4. Materials and Methods

4.1. Chemicals

Okadaic acid (OA) and dinophysistoxin-1 (DTX1), pectenotoxin (PTX-1, 2, 6), and yessotoxin (YTX) were produced by the Japanese reference material project [49]. PTX-11 was isolated from D. acuta collected in New Zealand [8]. Methanol and acetonitrile, and formic acid of LC/MS grade were purchased from Kanto chemical co., Tokyo, Japan And ammonium formate of analytical grade was purchased from Nacalai tesque co., Tokyo, Japan. Distilled water was prepared by milli-Q Reference (Merck Millipore, Burlington, MA, USA).

4.2. Sampling Locations and Dinophysis Sample Preparation

Seawater samples were collected from various locations around the Japanese coastline (Figure 5). Using a light microscope, 50 individual cells of Dinophysis species identified in the seawater samples were carefully selected using a glass capillary to exclude non-targeted microorganisms. The cells were identified by their morphological characteristics. Isolated Dinophysis cells that had been taxonomically identified were combined in a single vessel filled with filtered seawater and stored frozen until extraction. Detailed information on the sampling is shown in Table S1.

Figure 5

Dinophysis sampling locations around Japan.

4.3. Extraction

Toxins were extracted from cells of Dinophysis species by solid phase extraction (SPE) (Sep pak C18 plus, Waters co., Milford, MA, USA) as reported in previous studies [6,19,23]. Toxin extracts were dissolved in 200 µL of methanol for LC/MS/MS analysis.

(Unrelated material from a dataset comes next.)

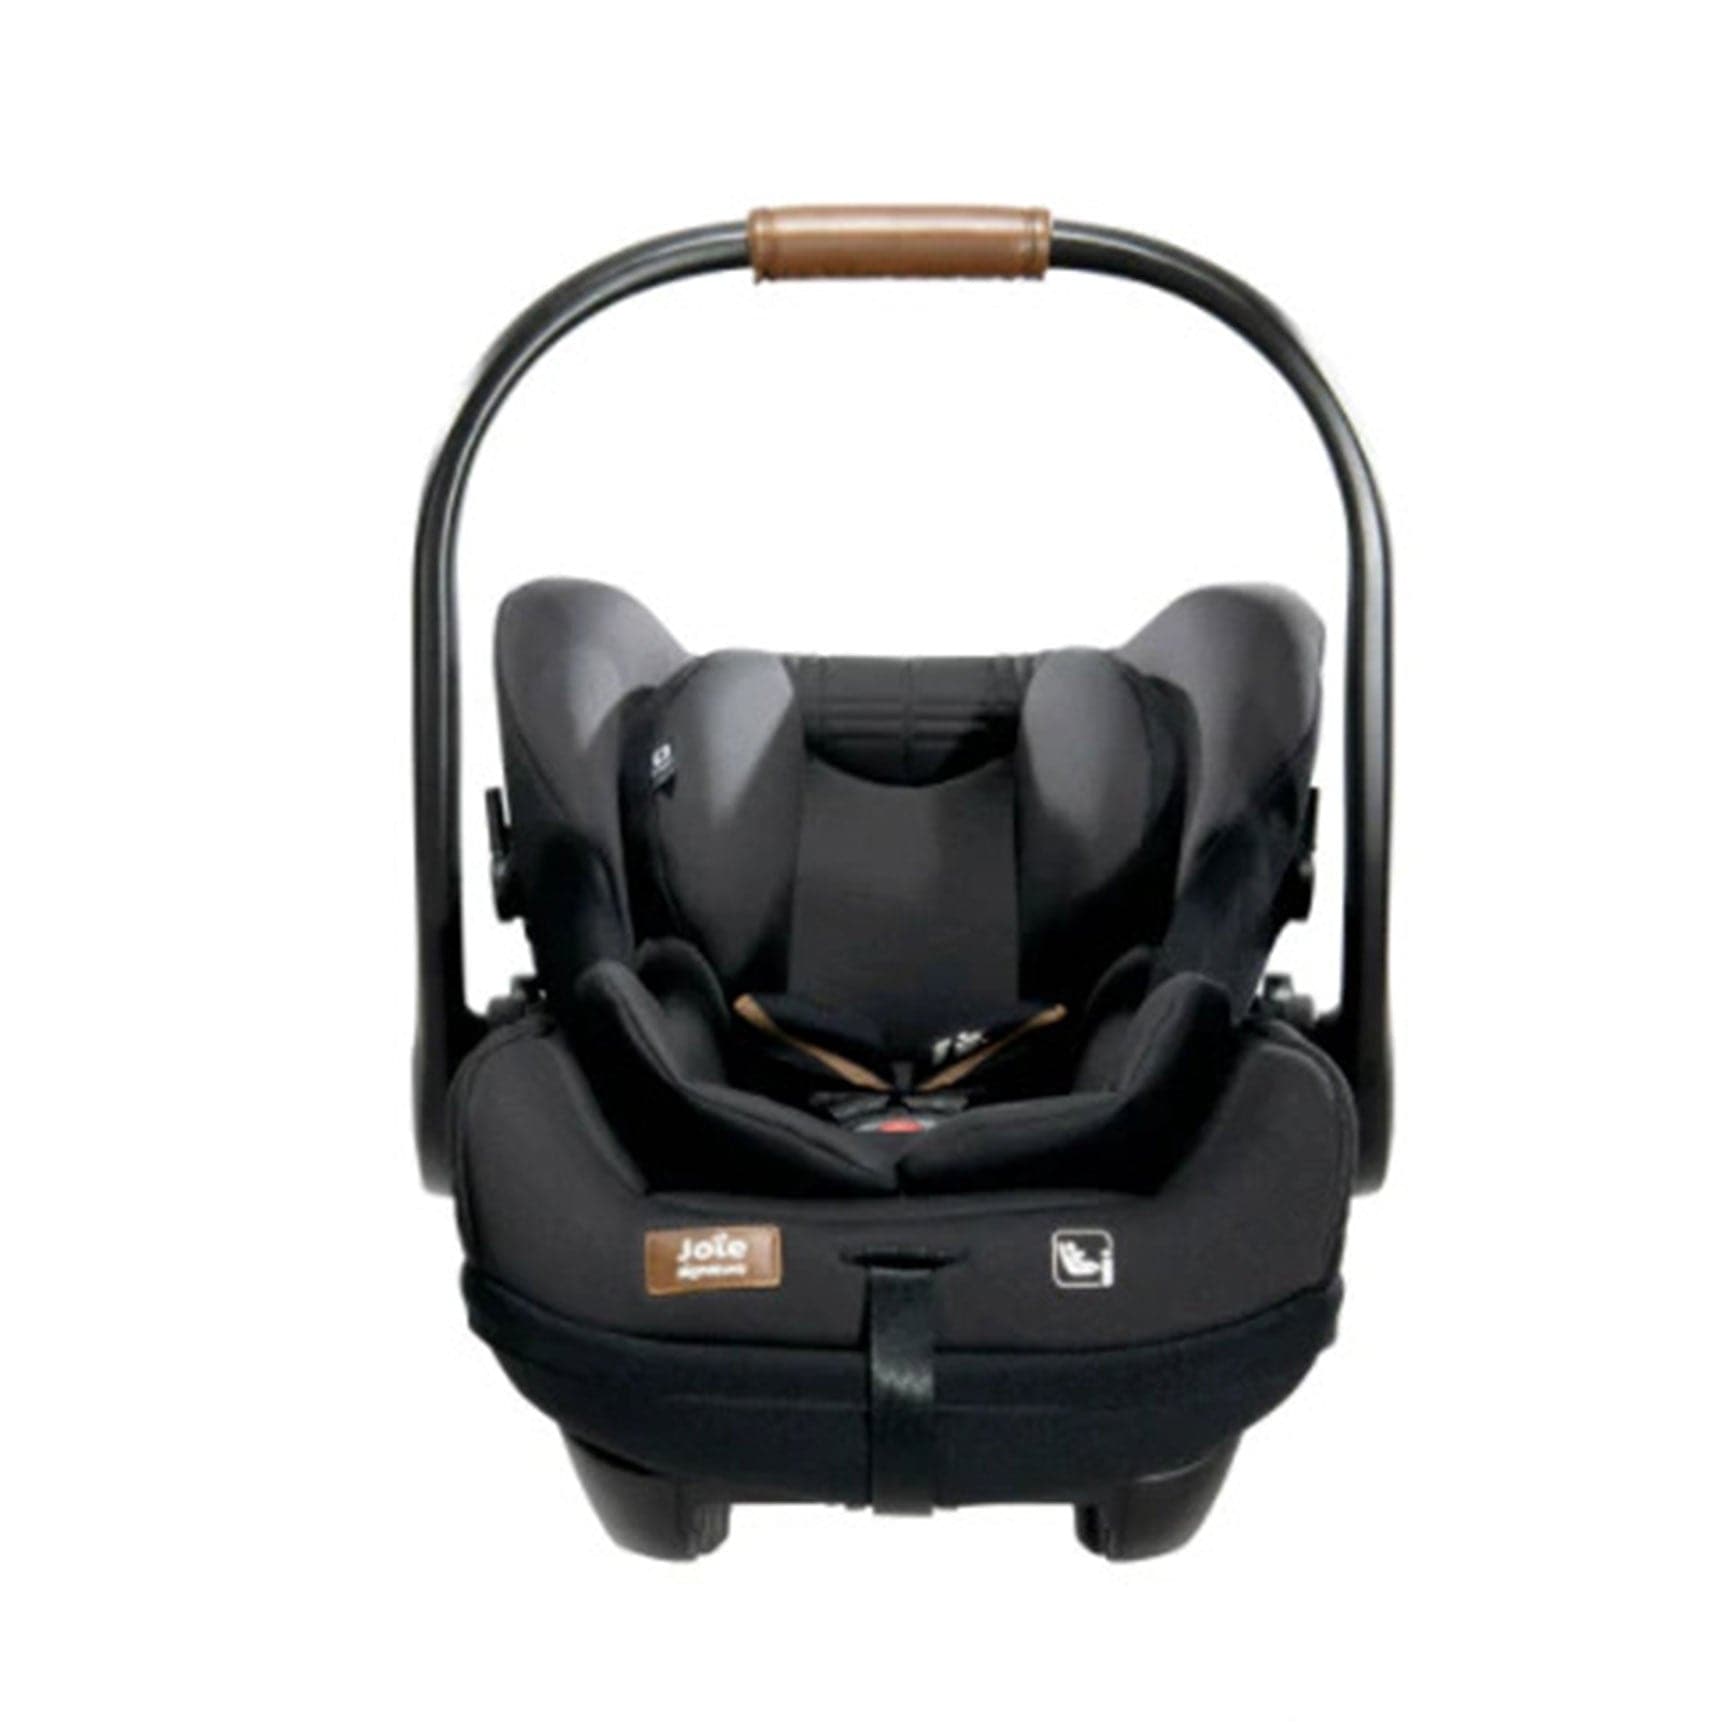 Joie baby car seats Joie i-Level Recline Signature Car Seat - Eclipse C1510GAECL000
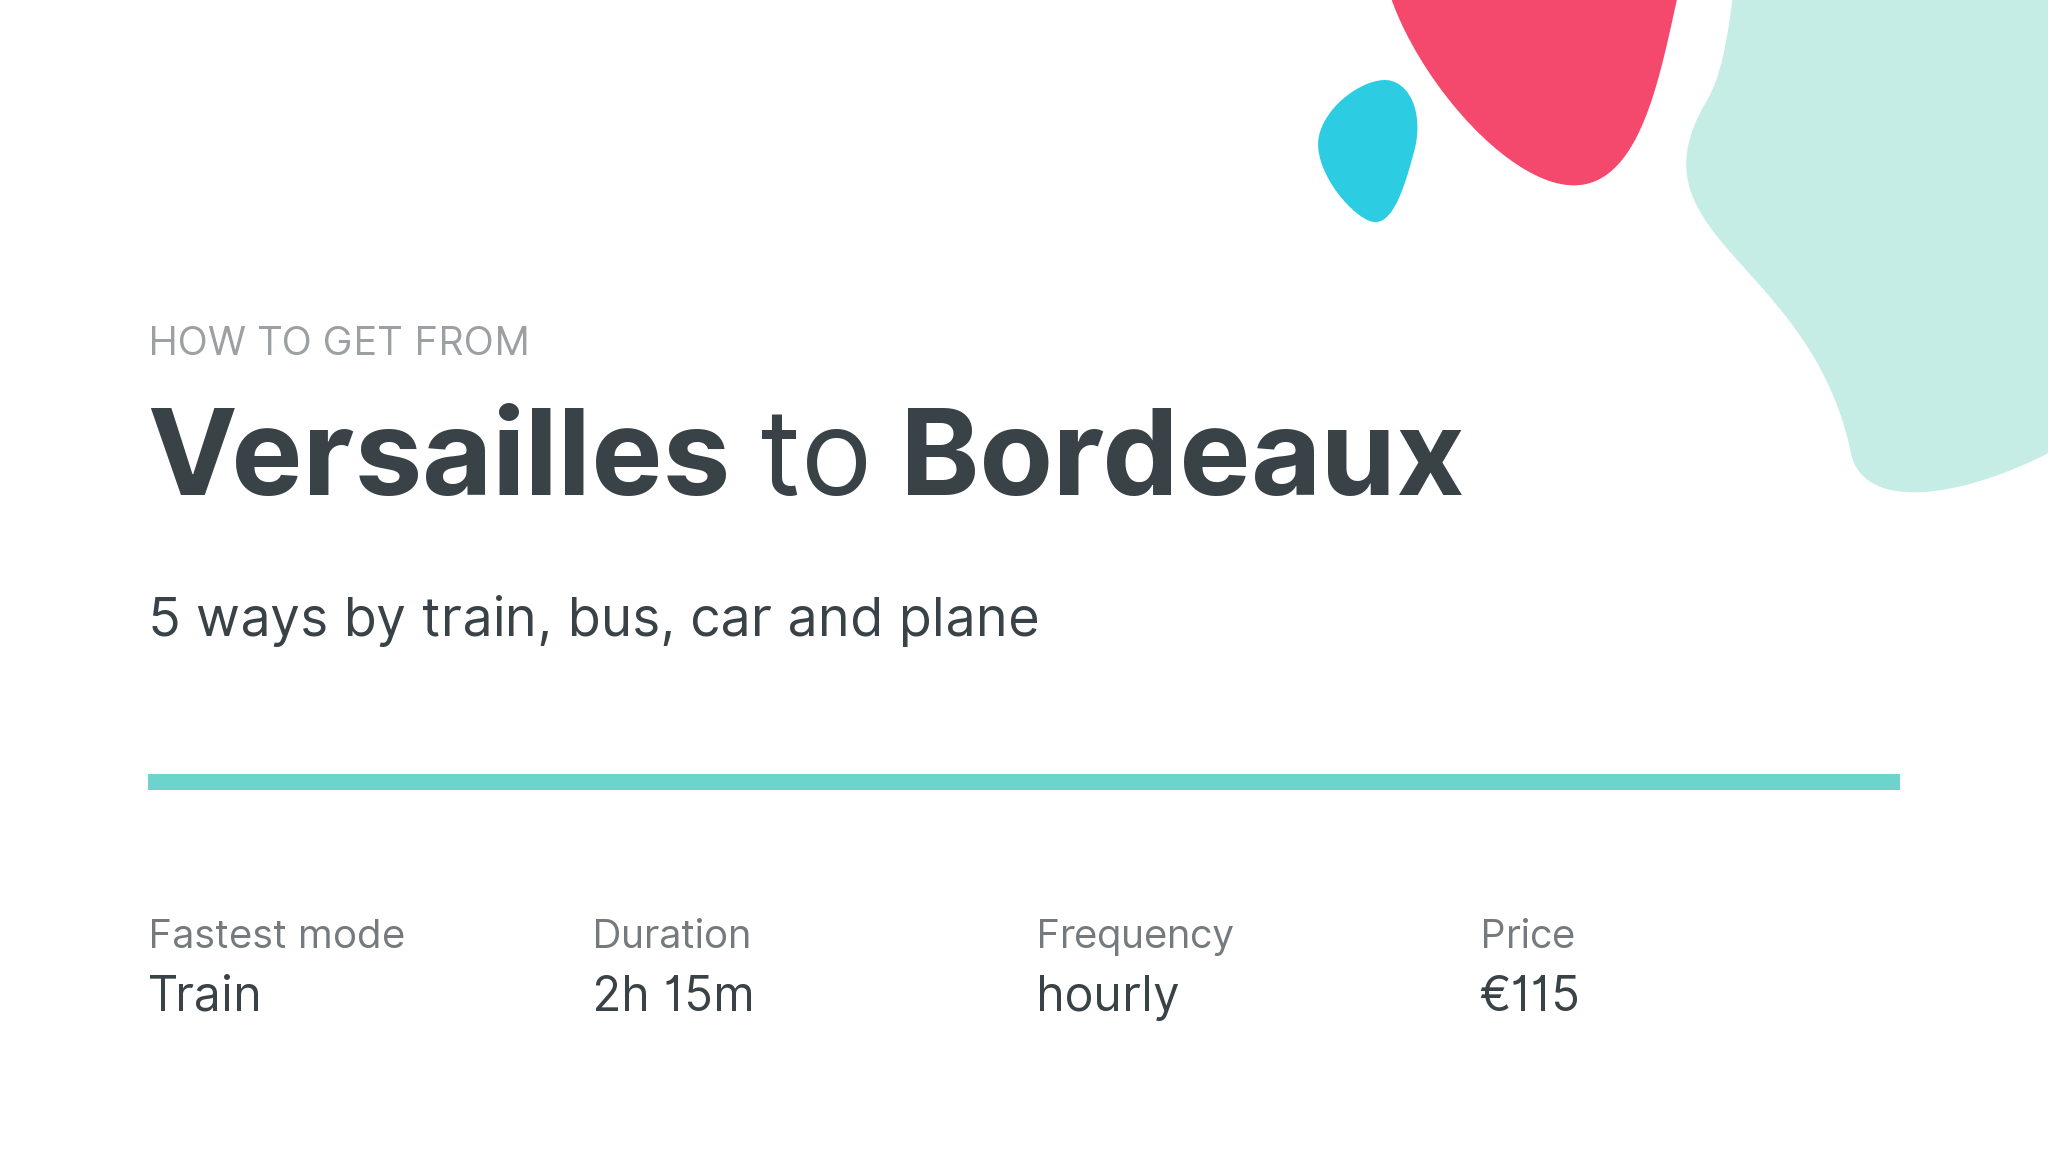 How do I get from Versailles to Bordeaux

4.4. LC/MS/MS and LC/MS Analysis

LC/MS/MS analysis was carried out according to a previous method [23]. The LC/MS/MS system was an Agilent 1100 series of high performance liquid chromatograph (HPLC) (Agilent technologies, Lexington, MA, USA) coupled with a 3200 Qtrap triple quadrupole MS/MS system (Sciex, Framingham, MA, USA). Separations were performed on Quicksilver cartridge columns (50 mm × 2.1 mm i.d) packed with 3 µm Hypersil-BDS-C8 (Keystone Scientific, Bellefonte, PA, USA) and maintained at 20 °C. Eluent A was water and B was acetonitrile–water (95:5), both containing 2 mM ammonium formate and 50 mM formic acid [50,51]. A linear gradient elution from 20% to 100% B was performed over 10 min and then held at 100% B for 15 min, followed by re-equilibration with 20% B (13 min). The flow rate was 0.2 mL/min and the injection volume was 10 µL. MRM LC/MS/MS analysis for the targeted toxins were carried out using the following ions; [M − H]− (OA, DTX1, 7-O-palmitoyl-DTX1, DTX2, PTX6, PTX2sa, YTX, 45OHYTX) and [M + HCOOH − H]− (PTX1, PTX2, PTX11) as the target parent ions in Q1 and particular fragment ions of each toxin in Q3 as reported in a previous study [40]. SIM LC/MS analysis for toxins were carried out using the [M + NH4]+ (OA, DTX1, DTX2, PTX1, PTX2, PTX6, PTX11) as the target ions in Q1.